Mr. Schutze and others point to a 2005 city-funded, economic-impact report that predicts the Trinity River project will produce "a positive effect on the value of real estate throughout the corridor" and estimates a 3% to 5% rise in property values for the area. Thus, Mr. Schutze and other opponents conclude, landowners with significant holdings downtown stand to reap the most benefit from the access the road brings to their properties. "They see this road as crucial to redevelop their land," says Mr. Schutze, who has relentlessly attacked the tollway in his column.

Earlier this year, Ms. Hunt and her supporters gathered more than 90,000 signatures from Dallas voters to put the issue on the city's November ballot. "Do we want to create beautiful places and attract the creative class to Dallas?" Ms. Hunt says. "Or will the city sacrifice its only natural asset in order to shave a few minutes off of a suburban commuter's trip?"

The coalition opposing Ms. Hunt is vast. Joining Dallas Mayor Tom Leppert and Ms. Hunt's 13 council colleagues to fight the referendum are most of the area's local, state and federal politicians, chambers of commerce and business leaders.
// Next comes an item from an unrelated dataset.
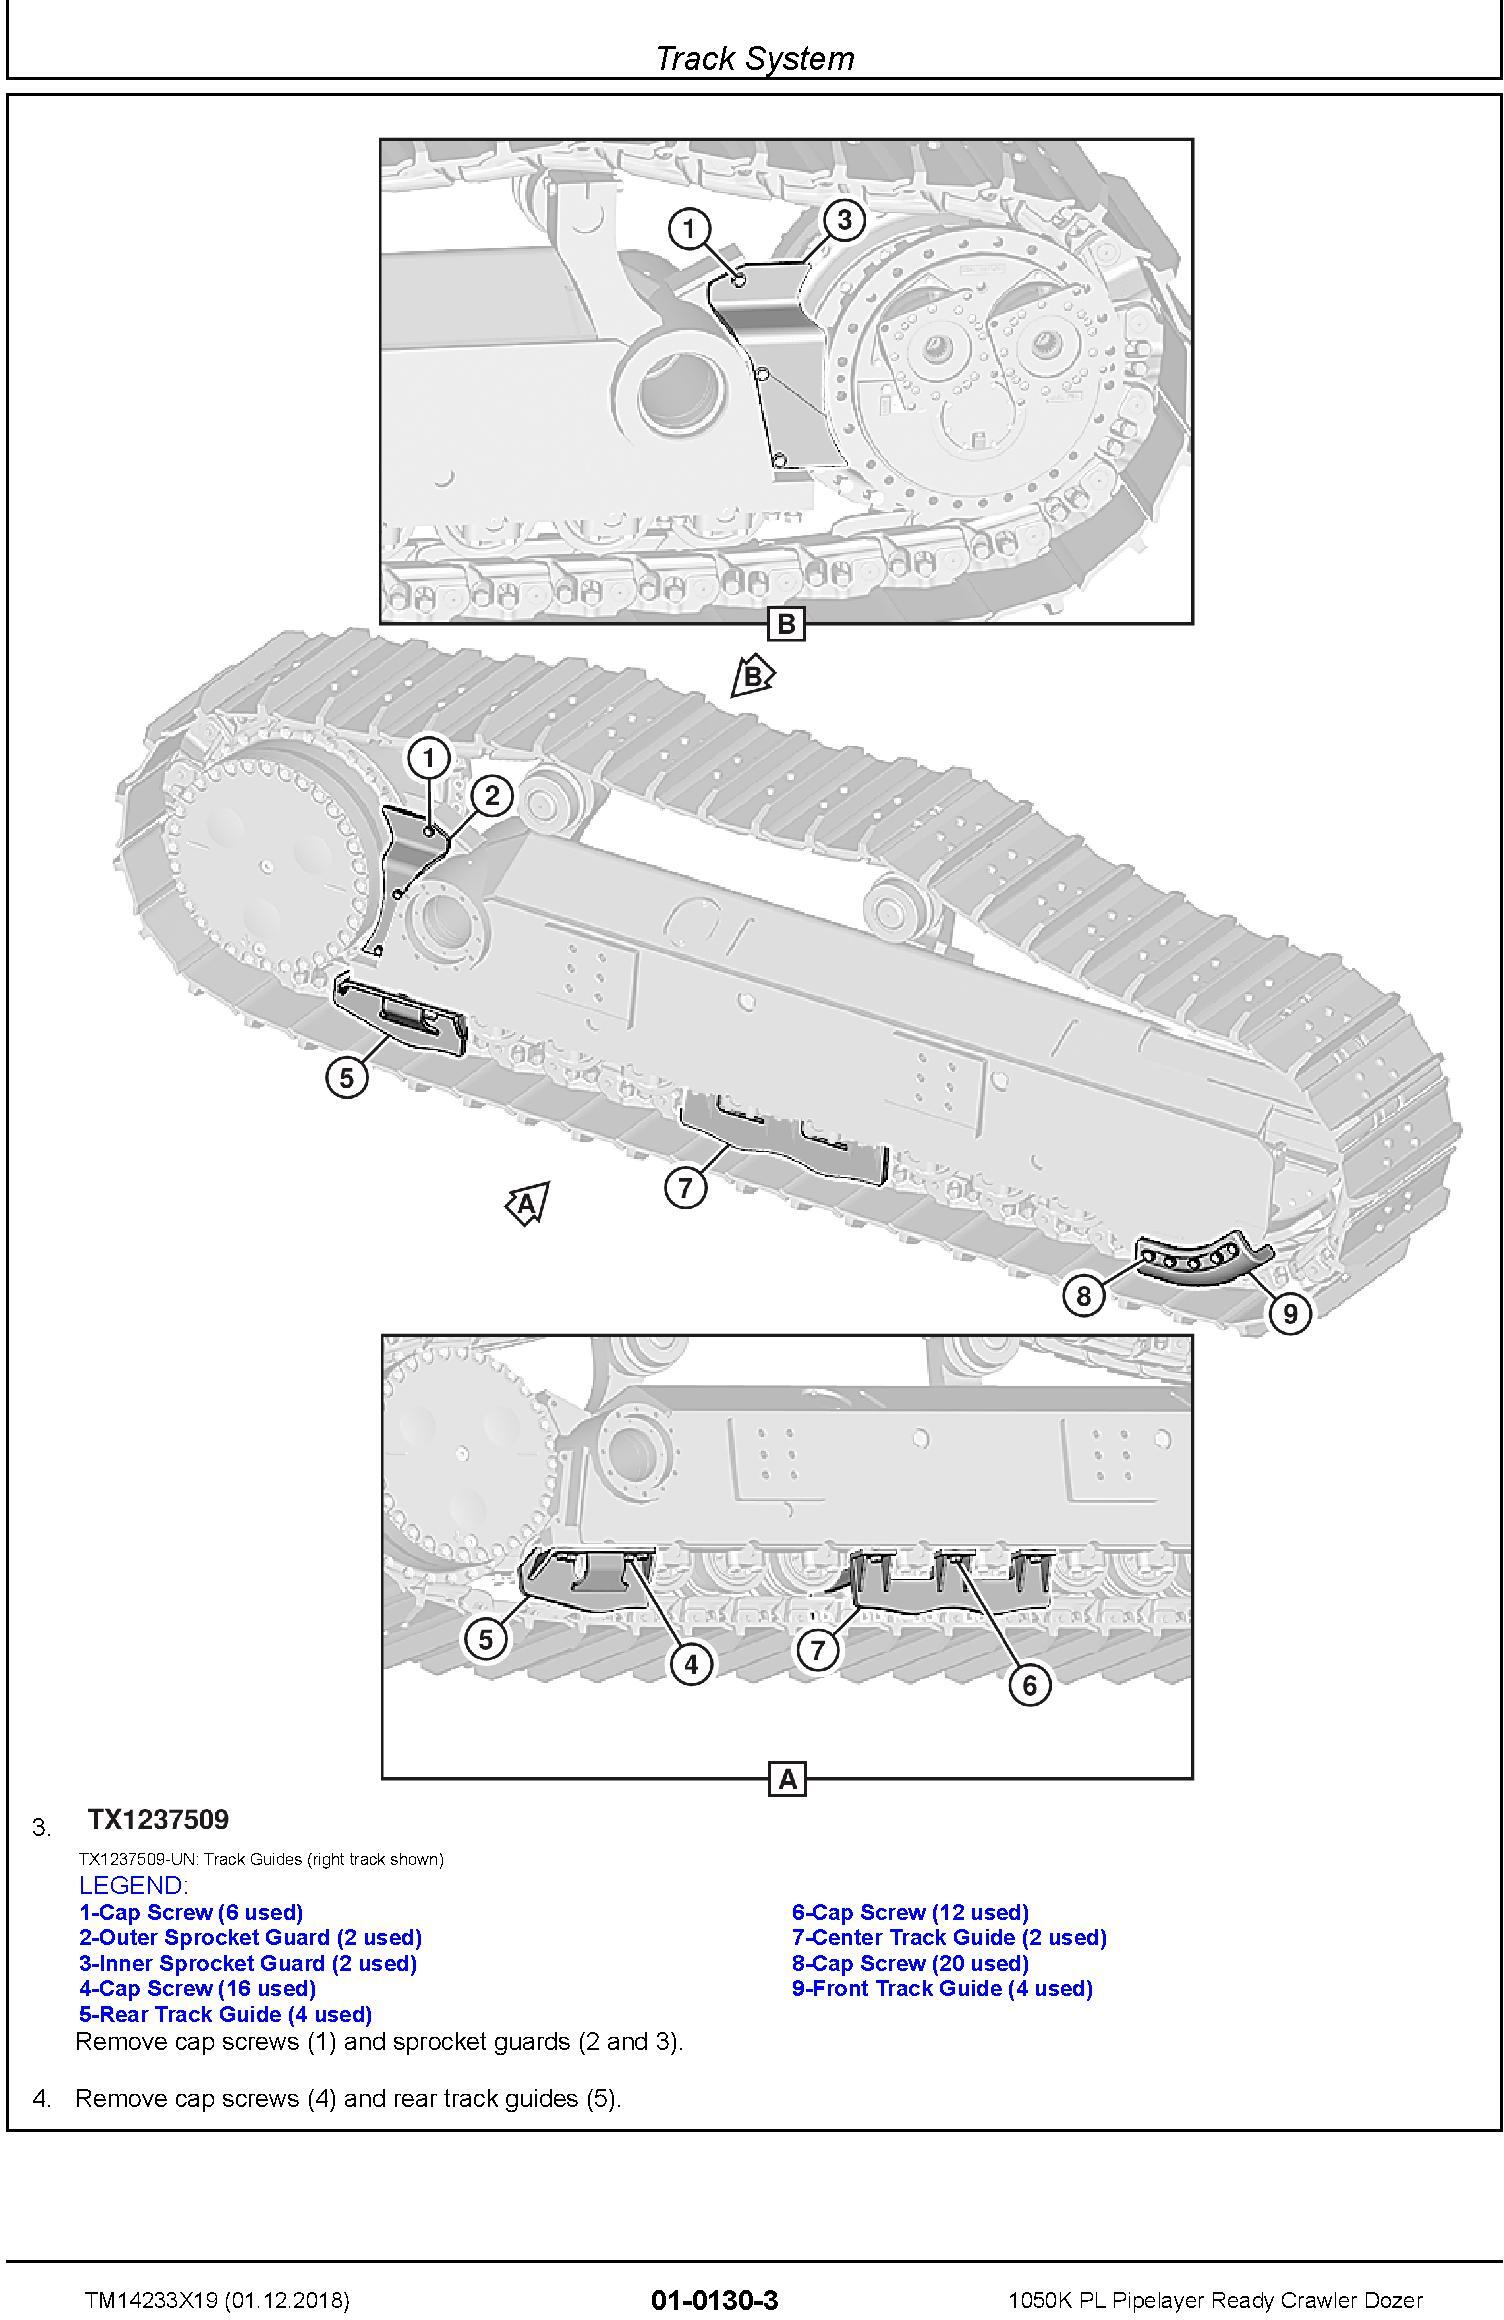 John Deere 1050K PL (SN. F310922-318801) Pipelayer Ready Crawler Dozer Repair Manual (TM14233X19) - 1

Even maverick former mayor Laura Miller, who rarely missed an opportunity to challenge developers seeking city subsidies, considers the six-lane tollway acceptable in light of the recreational and scenic uses that will come with it, including an estimated 30 miles of trails, and 22 soccer fields.

Among those who have donated to a political action committee opposing the referendum are apartment developer JPI Multifamily Investments LP; Harlan Crow, son of Dallas real-estate magnate Trammell Crow; and Margot Perot, wife of Electronic Data Systems Corp. founder H. Ross Perot. The Dallas Citizens Council, a group of roughly 100 of the city's business elite, provided $297,000 of the protollway committee's $1.2 million in funds raised.

Mr. Crow waves off the allegation that he and other downtown property owners are maneuvering to benefit their own properties. He characterized his downtown holdings, which include the 1,600-room Hilton Anatole hotel and the Dallas Market Center wholesale complex, as a fraction of his family's real-estate portfolio. "In terms of my personal financial benefit, it doesn't make any difference at all," he says. "If you make Dallas a better place, it will be a better place for everybody."

Some environmentalists argue that installing a tollway downtown will attract more cars and thus release more emissions in the area. But proponents, including Mayor Leppert, counter that the tollway will relieve traffic jams downtown by providing a "reliever route," and actually reduce emissions because there will be fewer cars idling in traffic.

Mayor Leppert, the chairman and chief executive of construction firm Turner Corp. prior to his election in June, describes the tollway as the linchpin of the entire Trinity River project. The mayor says that restricting or eliminating the tollway will make it challenging to gain federal money for planned expansions of highways feeding into downtown, because federal authorities won't widen roads with the result of funneling traffic into a bottleneck. Routing traffic elsewhere in lieu of building the tollway will cost an estimated $500 million more for buying properties along the alternate route, he says.

If voters reject the tollway, Mayor Leppert says, "then we are going to lose the opportunity to do the Trinity project for your generation and mine."